Donald McDonnell: The nuclear receptor superfamily of ligand-regulated transcription factors are the targets of drugs that account for over 20% of all prescriptions written. Within this family of over 40 proteins are receptors that enable cells to respond to steroid hormones, thyroid hormone, retinoids and vitamin D. Also contained in this family are several "orphan receptors" for which specific hormones remain to be identified. The research in our laboratory is focused on defining the mechanism of action of those nuclear receptors whose expression and/or activity is implicated in the pathogenesis of breast and prostate cancer. We have a specific interest in defining the signaling pathways in these cancers in which the estrogen, progesterone and androgen receptors are engaged.

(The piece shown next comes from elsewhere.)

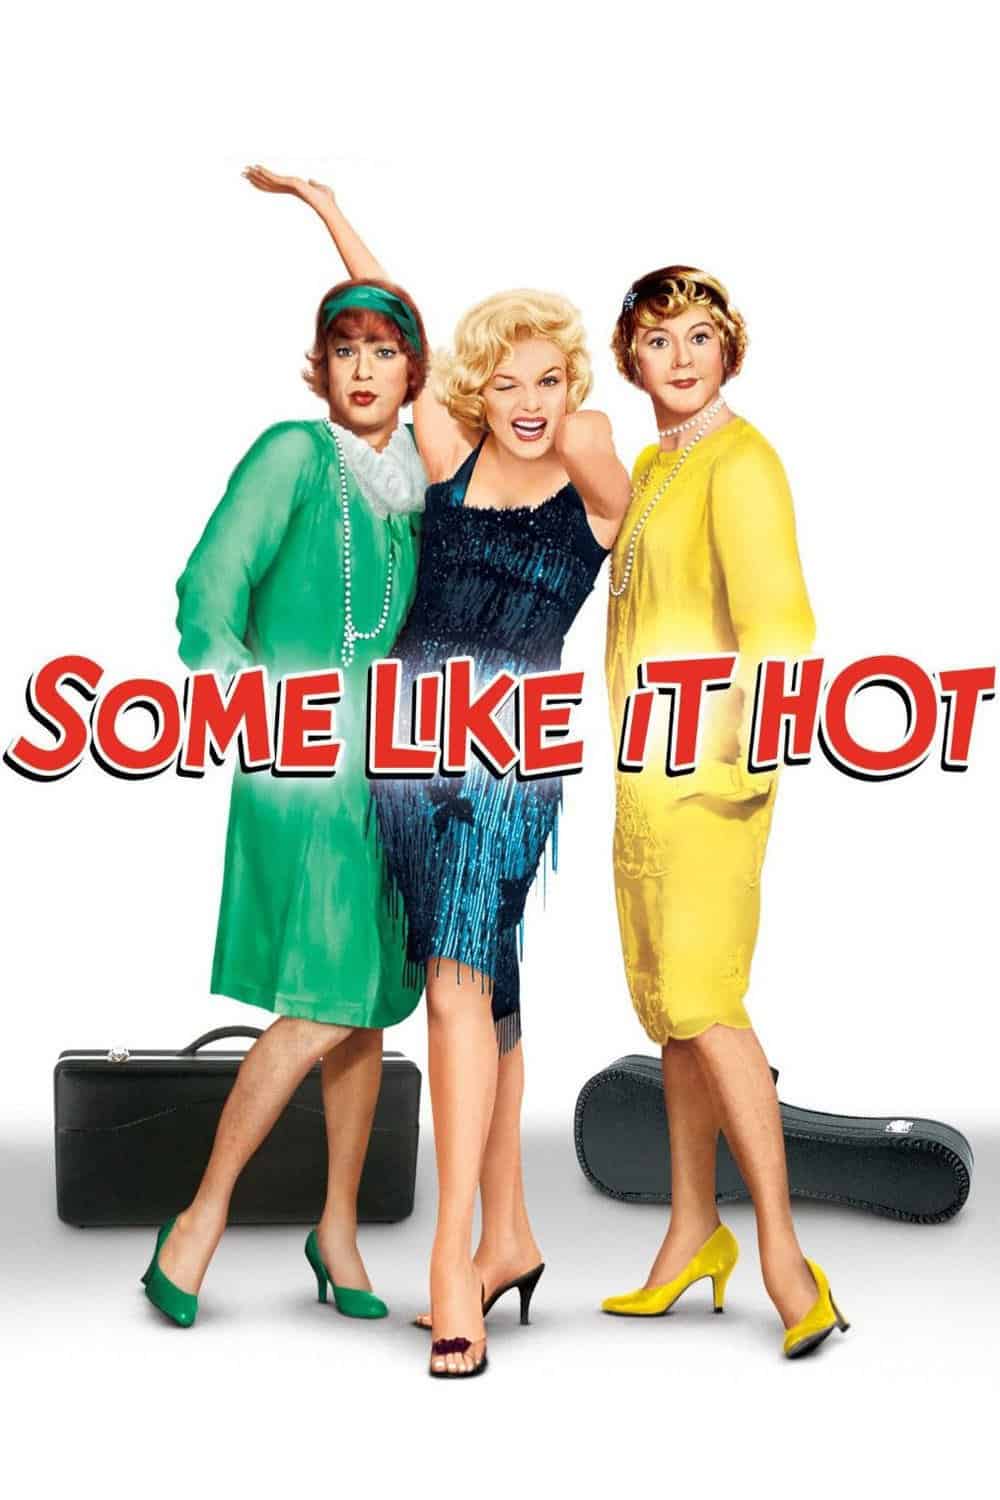 Some Like It Hot, 1959 
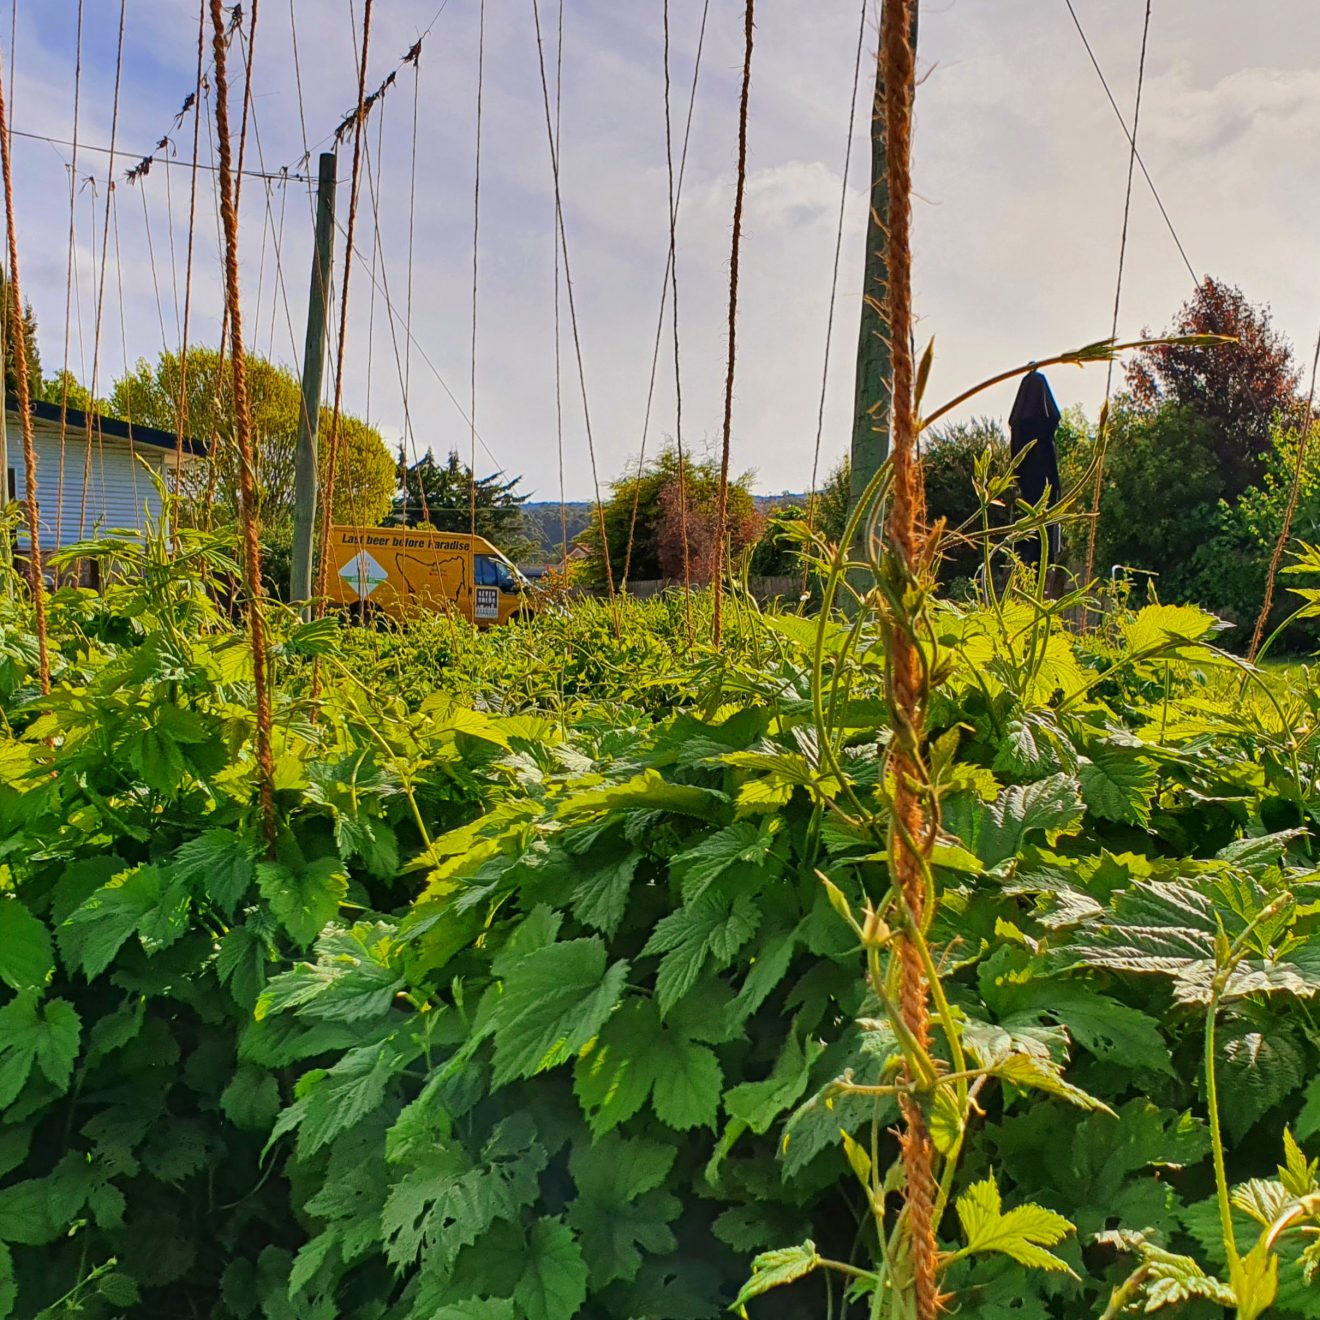 Close up view of bright green hop plants with tendrils climbing up ropes with yellow delivery van in background and overcast skies

Jennifer Roizen: Inspired by small molecule natural products, the Roizen laboratories will initiate research to access improved antibiotics, and selective ion channel inhibitors, with implications for the study and treatment of cancer, heart disease, and neurological disorders. This program will begin with the development of novel reaction methods, and where appropriate these methodologies will be advanced through mechanistic investigations. New reactions will be designed to streamline access to challenging natural products, such as the guaianolide sesquiterpenes. Access to these small molecules will enable us to collaborate with colleagues to probe the biological activity of these molecular architectures.

Qiu Wang: Research in the Wang group aims to answer fundamental questions that lie at the interface of chemistry and biology. In particular, we are interested in developing small-molecule based probes and methods to understand the cause of disease with an emphasis on identifying potential therapeutic agents towards cancer and neurodegenerative disorders.